# Thread: optimization for a box

1. ## optimization for a box

Find the dimensions of a rectangular box of maximum volume if the total surface area is given as 64cm^2.

Find the dimensions of a rectangular box of maximum volume if the total surface area is given as 64cm^2.
Let the base be m and height be n. I am assuming the problem indicates square base is used.

$V = mmn = m^2n$

Assuming the box has an open top, the surface area is

$m^2 + 4mn = 64$

Solve for n from the surface area, then plug the expressions into the volume formula.

$n = \frac{64-m^2}{4m}$

$V = m^2 \frac{64-m^2}{4m} = \frac{64m-m^3}{4}$

Find the first derivative of volume:
$V' = 8 - 0.75 m^2 = 0
$

Then solve for m.

The story changes if this is a closed top box.
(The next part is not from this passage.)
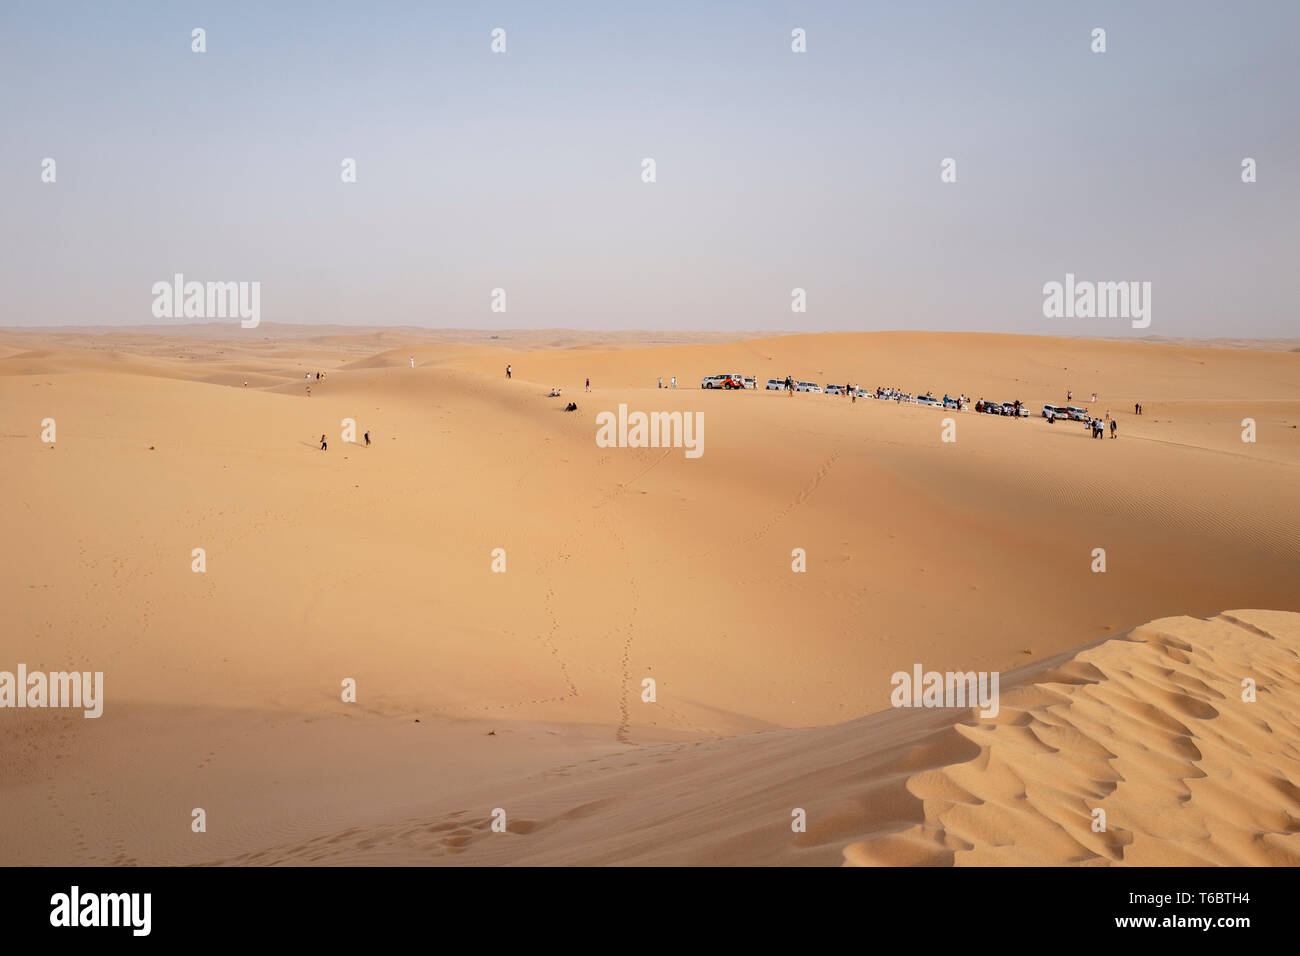 Dune Bashing desert safari à Abu Dhabi, Émirats arabes unis Banque D'Images

Find the dimensions of a rectangular box of maximum volume if the total surface area is given as 64cm^2.
So the volume of a box is

$V=lwh$

Subject to the surface area

$S=2lw+2lh +2wh=64$

$F(l,w,h,\lambda) =lhw-\lambda(2lw+2lh+2wh-64)$

$\nabla F=0$

$hw-\lambda(2w+2h)=0$

$lh-\lambda(2l+2h)=0$

$lw-\lambda(2l+2w)=0$

$0=(2lw+2lh+2wh-64)$

Now multiply the first equation by l and the 2nd by -w and add them together

$lwh-\lambda(2lw+2lw)=0$
$-lwh+\lambda(2lw+2wh)=0$
$-2lw+2wh=0 \iff 2w(-l+h)=0 \iff l=h$

Doing something similar you can show that $w=l=h$

Plugging into the last equation we get.

$2l^2+2l^2+2l^2-64=0 \iff 6l^2=64 \iff l^2 =\frac{32}{3} \iff l=4 \sqrt{\frac{2}{3}}$

So the maximal volume will be a cube.

I hope this helps

4. Nice going, TheEmptySet... I was way off here. A calculus subforum for single-variable people like me? Just kidding.